_Your assignment_. Set down, exactly and with no pictures, the line that contains "Pirate ship drawn on a pice of wood" and all lines after it in the listing.

_Collected material_.
----

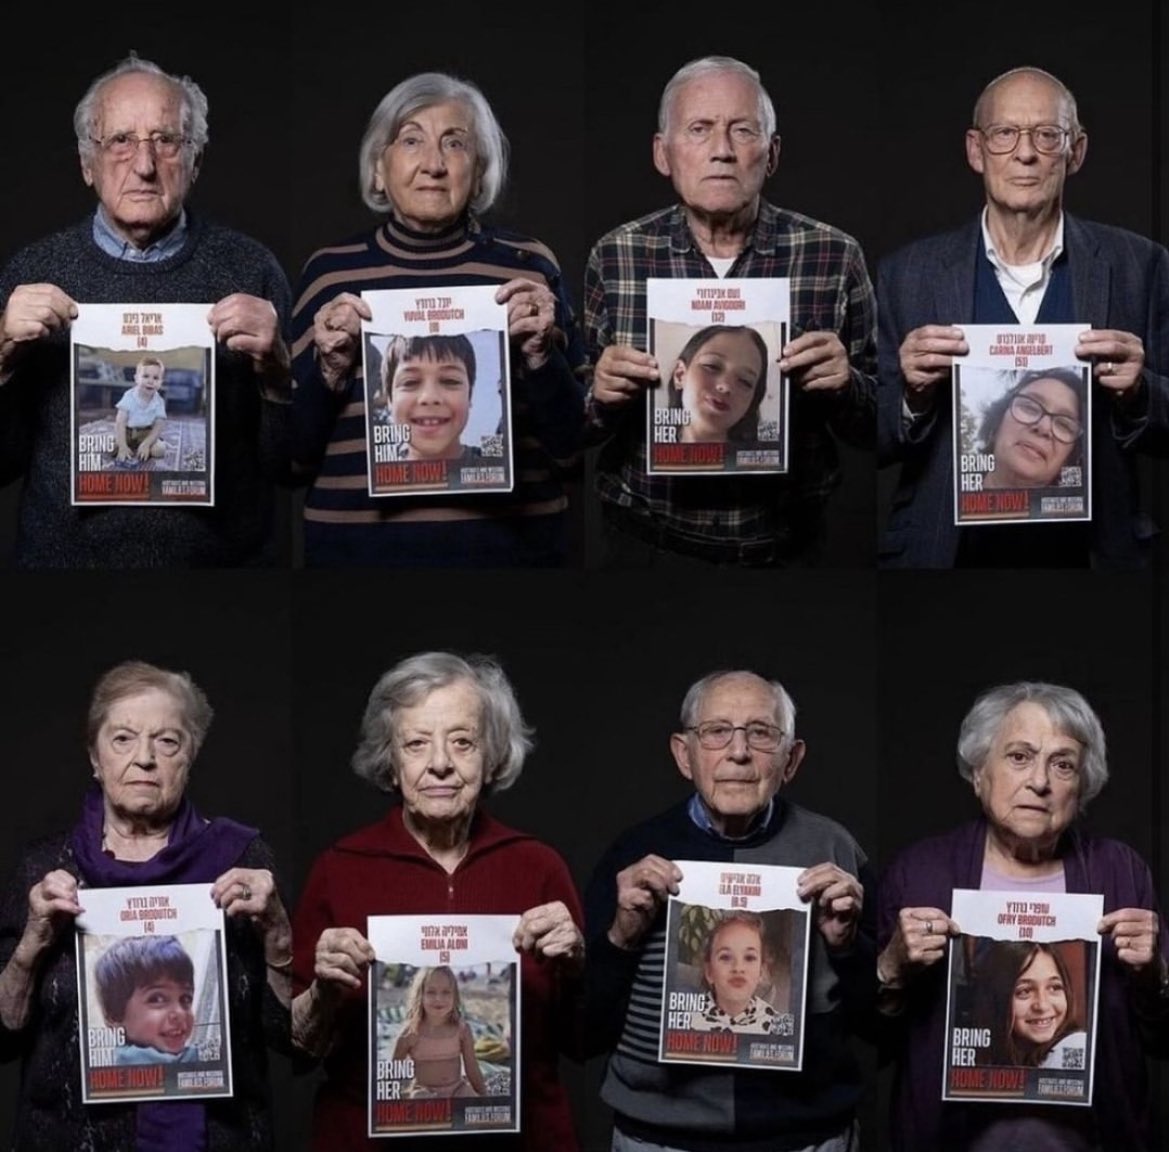 A powerful and heartbreaking image on the eve of Yom HaShoah.⁠ ⁠ Holocaust survivors hold posters of hostages and stand in solidarity with Israel. Rachel Levy says:⁠ ⁠ “As a Holocaust survivor, I never thought l'd see this kind of inhumanity again.” ⁠ #NeverAgainIsNow
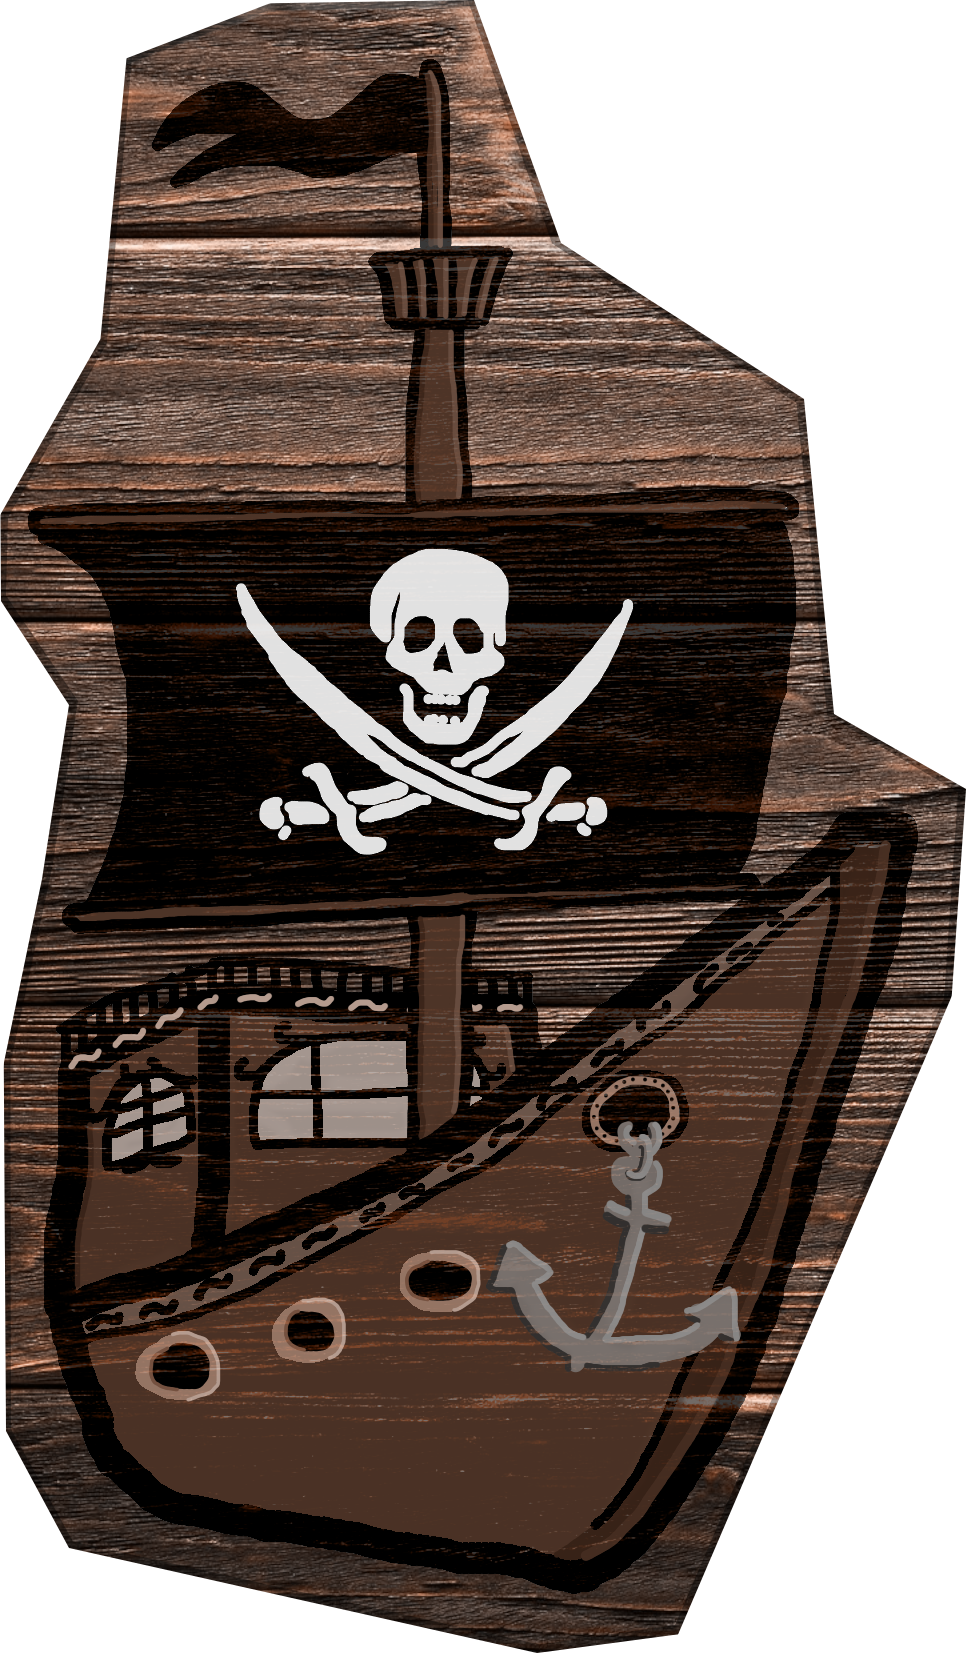 Pirate ship drawn on a pice of wood
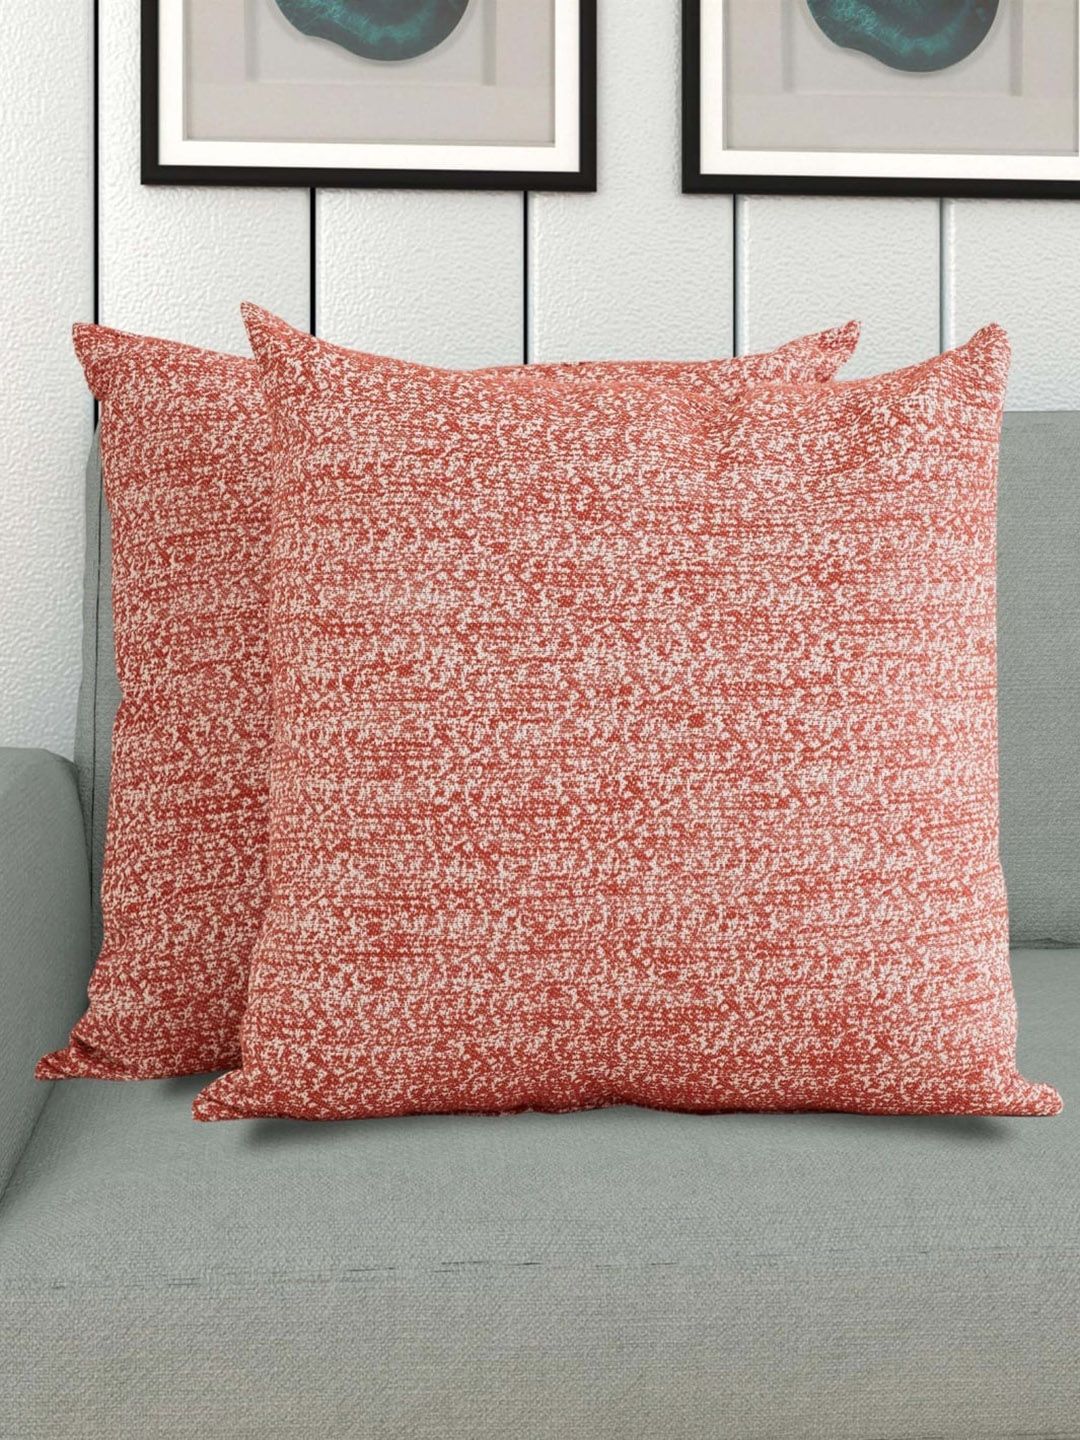 Home Centre Set Of 2 Red & White Slub Textured Yarn-Dyed Cotton Square Floor Cushions Price in India

----

_Exercise response_.
 Pirate ship drawn on a pice of wood
 Home Centre Set Of 2 Red & White Slub Textured Yarn-Dyed Cotton Square Floor Cushions Price in India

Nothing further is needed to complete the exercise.